Logo me arrependo de ter feito isso, pois a cabeça da serpente explode do buraco e sobe ao alto, faces rindo. Mal consegui segurar a boca aberta de uma delas com a mão livre enquanto subíamos. Ela tentou morder, mas dentes não valem nada contra uma armadura de boa qualidade.

Prendi você,” gritou a face mais próxima enquanto a cobra continuava a subir.

Pelo menos sessenta pés até ela parar, e deve haver pelo menos essa profundidade subterrânea para sustentá-la.

“Você consegue voar, pequena Nomeada?” zombou a face.

Resmungando de esforço, enfiei minha espada na boca aberta e usei o pomo como apoio. Tinha força suficiente para me abraçar mais, escorando meus pés em outra boca e numa órbita ocular – precisei chutar até a órbita cair, mas, eventualmente, criei espaço suficiente.

“E lá vamos nós,” anunciou uma face de mulher acima de mim.

Para horror, a demônia virou de costas e deixou-se cair. O vento uivava ao meu redor, e o chão se aproximava a cada batida do coração enquanto eu desesperadamente tentava escalar o lado para não ficar presa entre o peso gigante e o chão. Fui só parcialmente bem-sucedida: terra espirrava, cadáveres voavam, cobrindo o som do meu braço e perna quebrados. Cortei o lábio até sangrar, forçando a evitar um grito primal de dor quase escapando. A cobra se debateu, e lentamente regresou a subir.

“Devia ter doído,” disse o rosto de mulher, pensativa.

“Um braço e uma perna restantes,” zombou um velho, sorrindo. “Quanto tempo consegue aguentar?”

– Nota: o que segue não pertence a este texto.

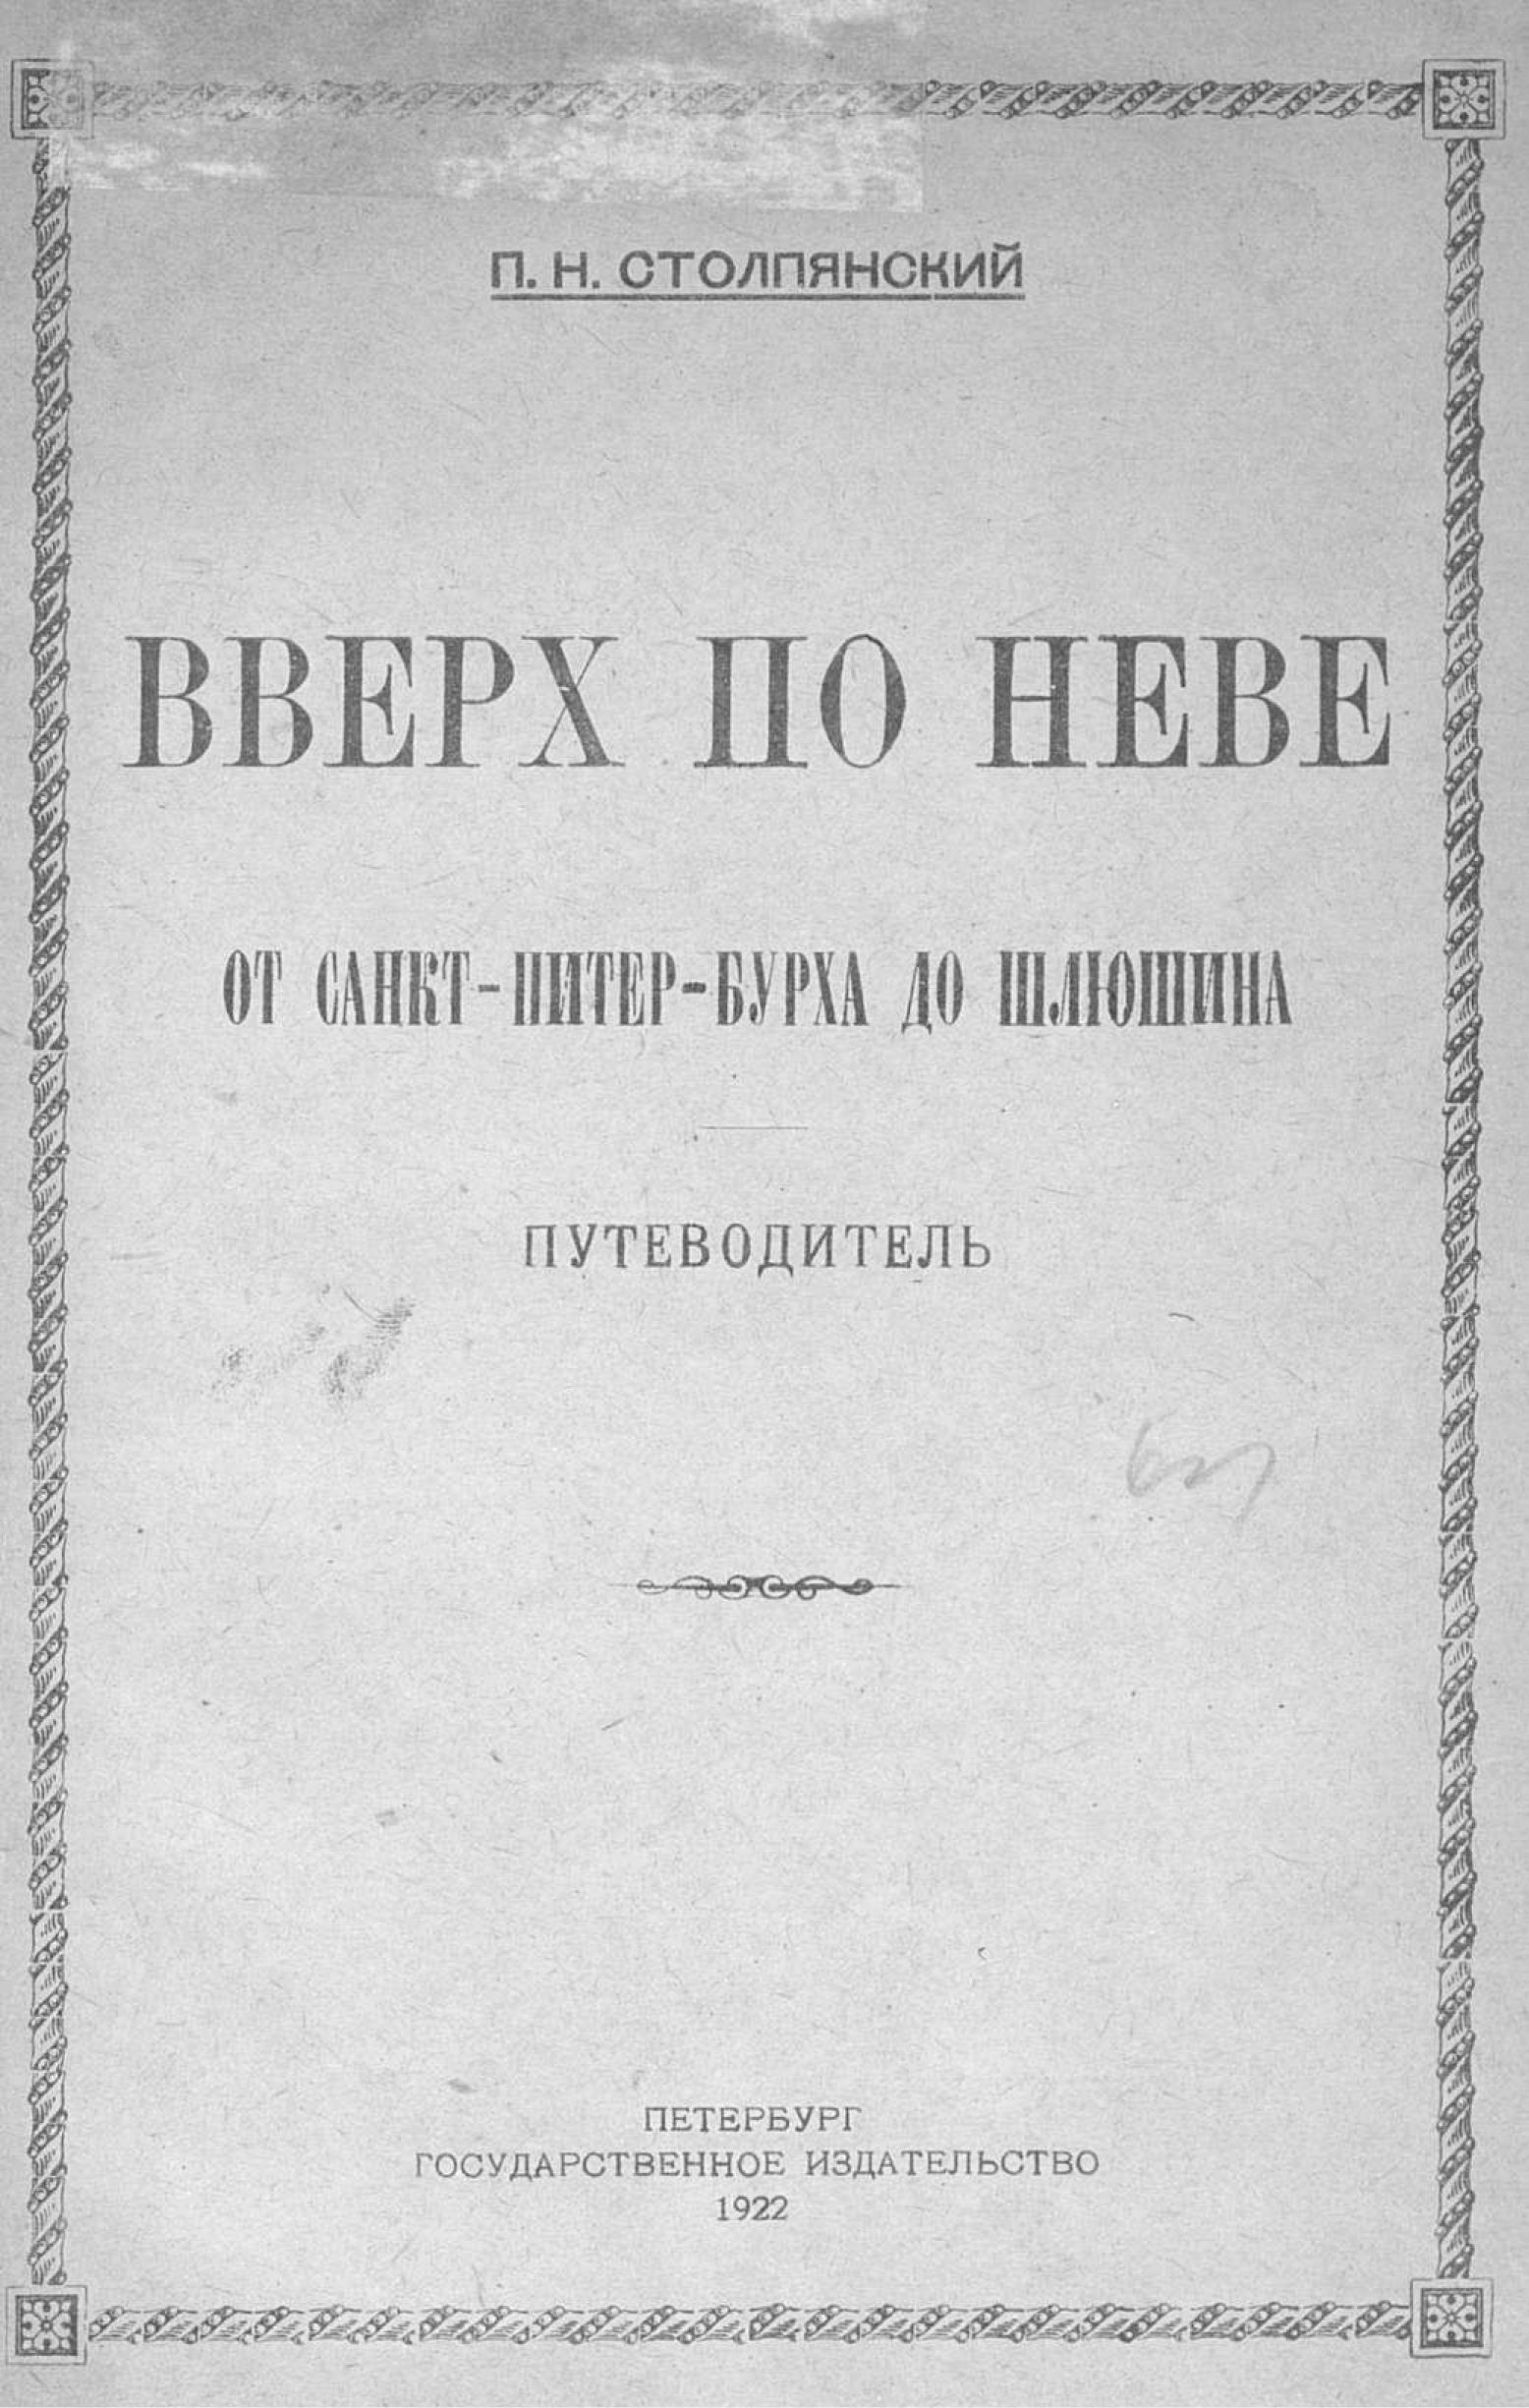 Коллектив авторов Вверх по Неве от Санкт-Питер-Бурха до Шлюшина

Debaixo de mim, via meus colegas começando a entrar em pânico, embora os oficiais tentassem mantê-los em movimento. O demônio começou a cambalear, como um pêndulo grotesco, meu corpo tremia com ele. Droga. Meu braço e minha perna — pisquei, e dei uma risada. Praticamente morta. Deus, precisava mesmo de truques novos e que não dependessem de eu estar na cerca da morte. Meu Nome uivou de aprovação, tecendo fios ao redor dos membros inúteis. Com o som de várias fraturas se agravando, forcei meu braço quebrado a subir e a se inserir na boca de outro rosto.

“Sem sentido,” uma marionete ao redor do meu joelho zombou.

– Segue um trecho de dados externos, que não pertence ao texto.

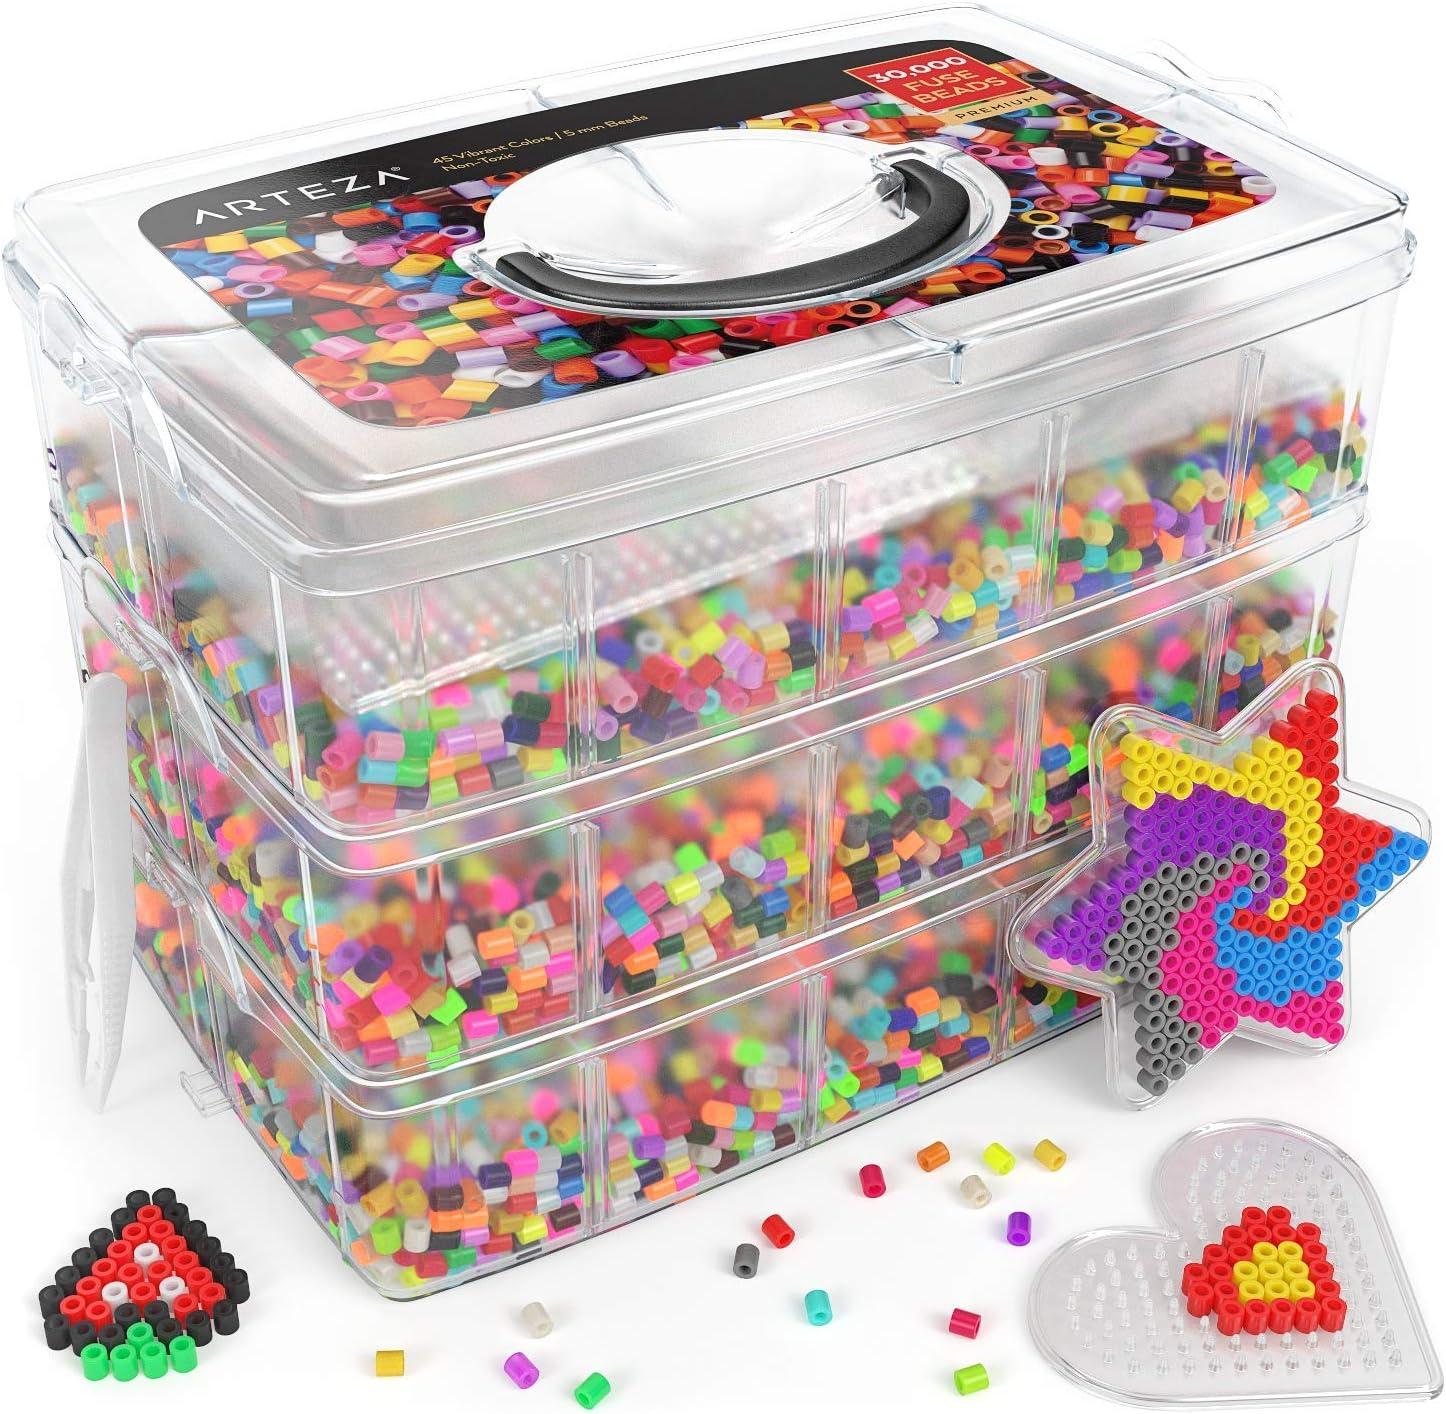 ARTEZA Cuentas y Abalorios hama Beads | 30.000 Cuentas para Planchar | 5 mm | 45 Colores | Neón y fosforescente | 5 Plantillas + 2 Pinzas + 5 Papeles de Planchar | para mosaicos Infantiles: Amazon.es: Juguetes y juegos

Me levantei, chutando os dentes para usar a boca como apoio. Pó de centímetros, comecei a subir até alcançar a cabeça. Ela tentou me derrubar, gritando insultos, mas os fios seguraram. Apertaram, mas não arrebentaram. O demônio berrou e se lançou para frente, esperando que a impulso me jogasse para fora de sua cabeça. Enfiei minha espada na narina de outro rosto num ângulo para obter um contra-ponto, sentindo os músculos de ambos meus braços se rasgando enquanto me empurrava na direção oposta. Imediatamente, ela tentou se mover para o outro lado, para usar contra mim, mas algo daquele tamanho não podia se mover rápido o suficiente – já tinha encontrado outros apoios na mesma hora. Quanto mais alto eu chegava, mais ela entrava em pânico, tremendo e gritando impropérios.

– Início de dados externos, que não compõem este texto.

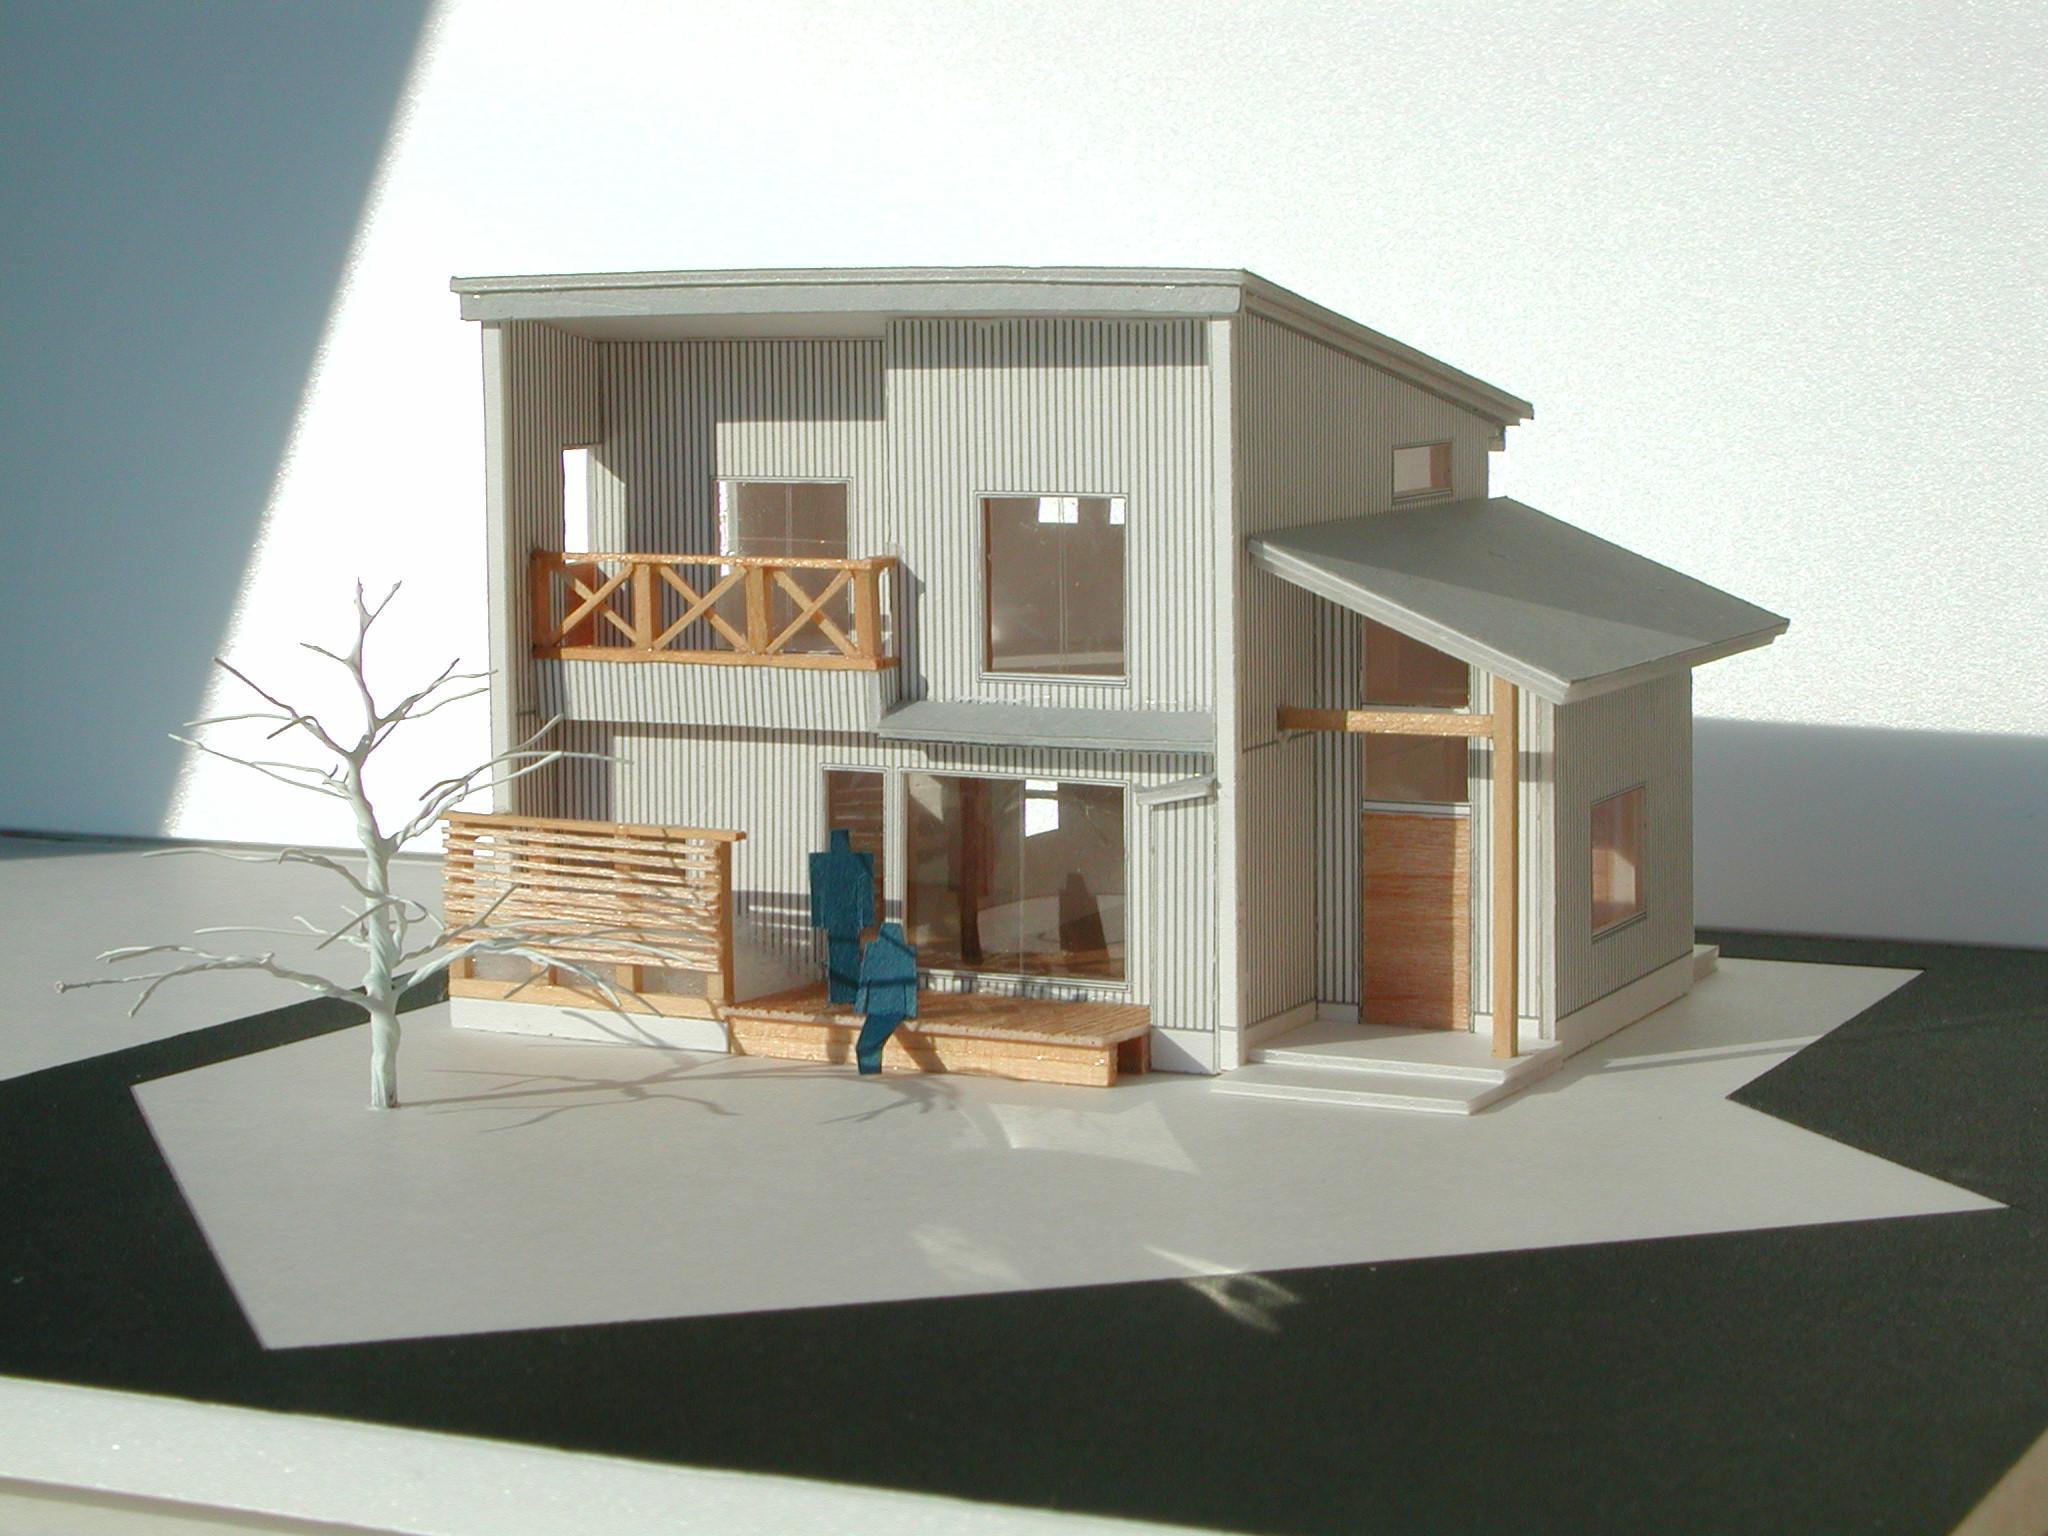 バイクガレージの木の家のパース/模型/CG/スケッチなど

“Você não consegue me matar,” gritou enquanto eu finalmente me apoiava sobre o topo da cabeça. “Sou fome encarnada, eu-“

“Você fala demais,” finalizei friamente, empurrando minha mão livre na boca dela.

As sombras se transformaram em uma lança e continuaram crescendo enquanto eu ativava ao máximo meu Nome, alimentando-o até não conseguir suportar mais o poder. Com dentes cerrados, libertei-a, sentindo-a enfiar-se fundo na cabeça do demônio. A boca dele se fechou sobre meu antebraço como uma armadilha de urso, os dentes estilhaçados contra o aço, e cada rosto silenciou. Lentamente, ela se inclinou para frente e despencou, caindo no chão com um estrondo ensurdecedor. Eu escorreguei ao seu lado e calei um grito de dor horrível ao pousar com minha perna ferida, direcionando Zombie para mim com um pensamento. Apoiei-me no meu bom lado, me levantei com apenas dois gritos de dor abafados, o que foi uma vitória — de alguma forma. Foi só então que percebi que tinha caído a menos de uma dezena de pés do meu grupo, e cada legionário me olhava em silêncio absoluto.

“Não me lembro de ter dito para vocês pararem de recuar,” consegui dizer, sheathing a minha espada.